I am new to web scraping and trying to scrape an unordered list. I want the list items to be scraped into a list items separated with a comma. This is the list I want to scrape.
<div class="spec-list attributes-modality">
<h5 class="spec-subcat">Modality</h5>
<div class="col-split-xs-1 col-split-md-1">
<ul class="attribute-list copy-small">
<li class="">Individuals</li>
<li class="">Family</li>
<li class="">Group</li>
</ul></div></div>
This is my try:
modalitydiv = soup.find('div', class_='spec-list attributes-modality')
modality = modalitydiv.find('ul', class_='attribute-list copy-small').text.strip()
My try does give me only a list of list items line by line.
Individuals
Family
Group
Why do these does not appear in the same line and how can I scrape this list items into a comma separated list? can someone help please?
CodePudding user response:
What happens
You are using strip()
that is only removing leading and trailing characters.
Solution
Use split()
instead strip()
to split string into a list:
modalitydiv = soup.find('div', class_='spec-list attributes-modality')
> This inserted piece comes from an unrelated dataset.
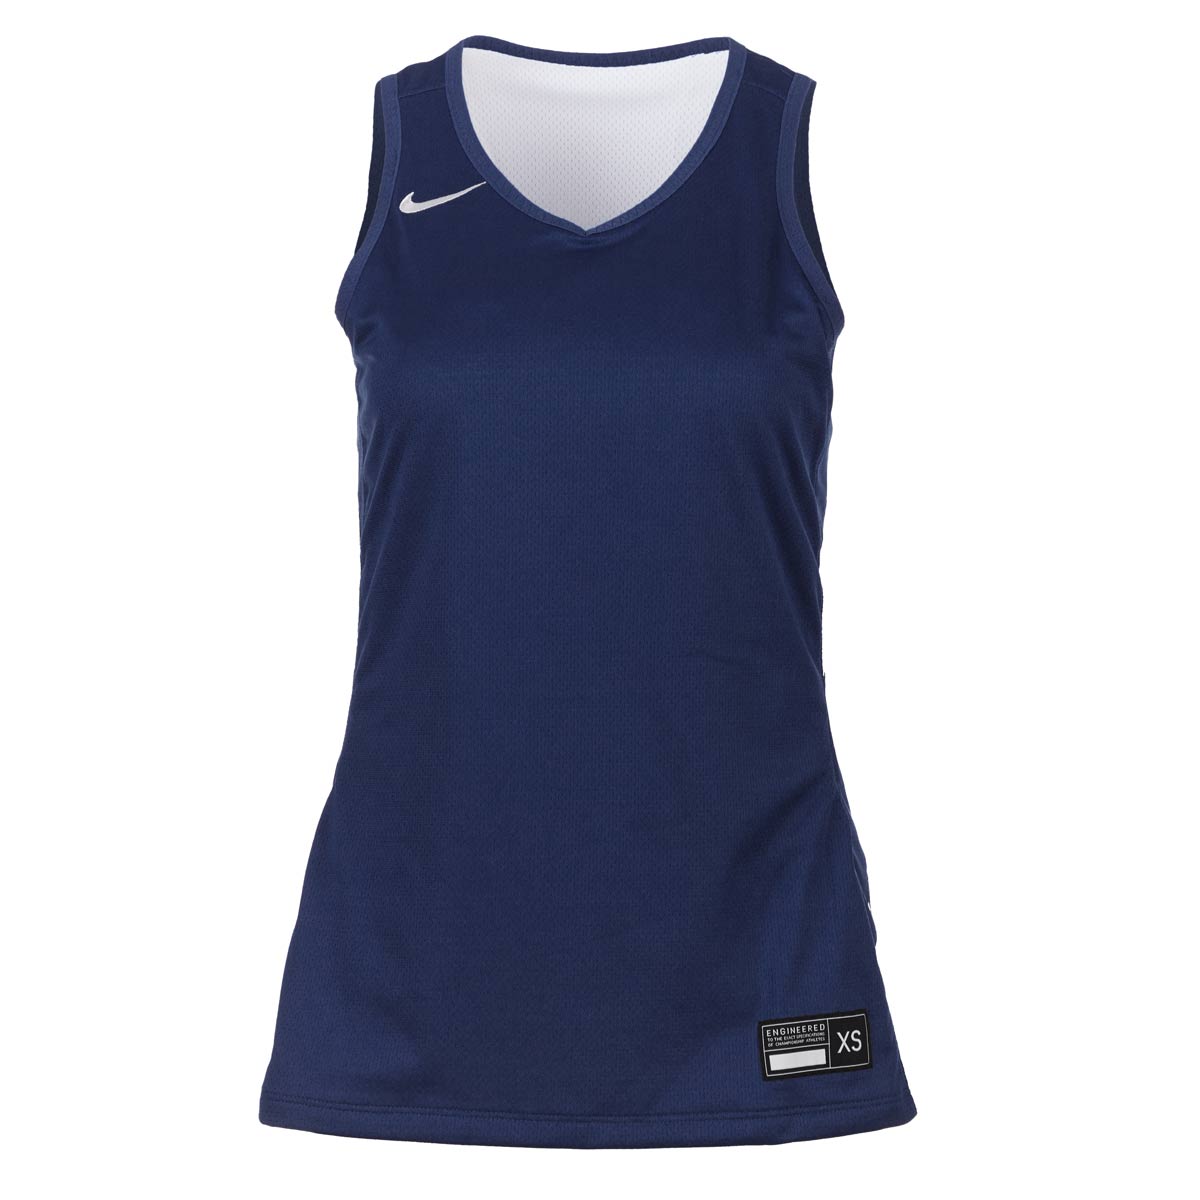 Nike Mens Team Dri-Fit Reversible Practice Jersey - Mens Navy/White Size S

modality = modalitydiv.find('ul', class_='attribute-list copy-small').text.split()
Output
['Individuals', 'Family', 'Group']
CodePudding user response:
I'm getting the following output:
from bs4 import BeautifulSoup
html_doc="""
<div class="spec-list attributes-modality">
<h5 class="spec-subcat">Modality</h5>
<div class="col-split-xs-1 col-split-md-1">
<ul class="attribute-list copy-small">
<li class="">Individuals</li>
<li class="">Family</li>
<li class="">Group</li>
</ul></div></div>
"""
soup = BeautifulSoup(html_doc, 'html.parser')
p=', '.join([x.get_text(strip = True) for x in soup.select('ul.attribute-list.copy-small>li')])
print(p)
Output:
Individuals, Family, Group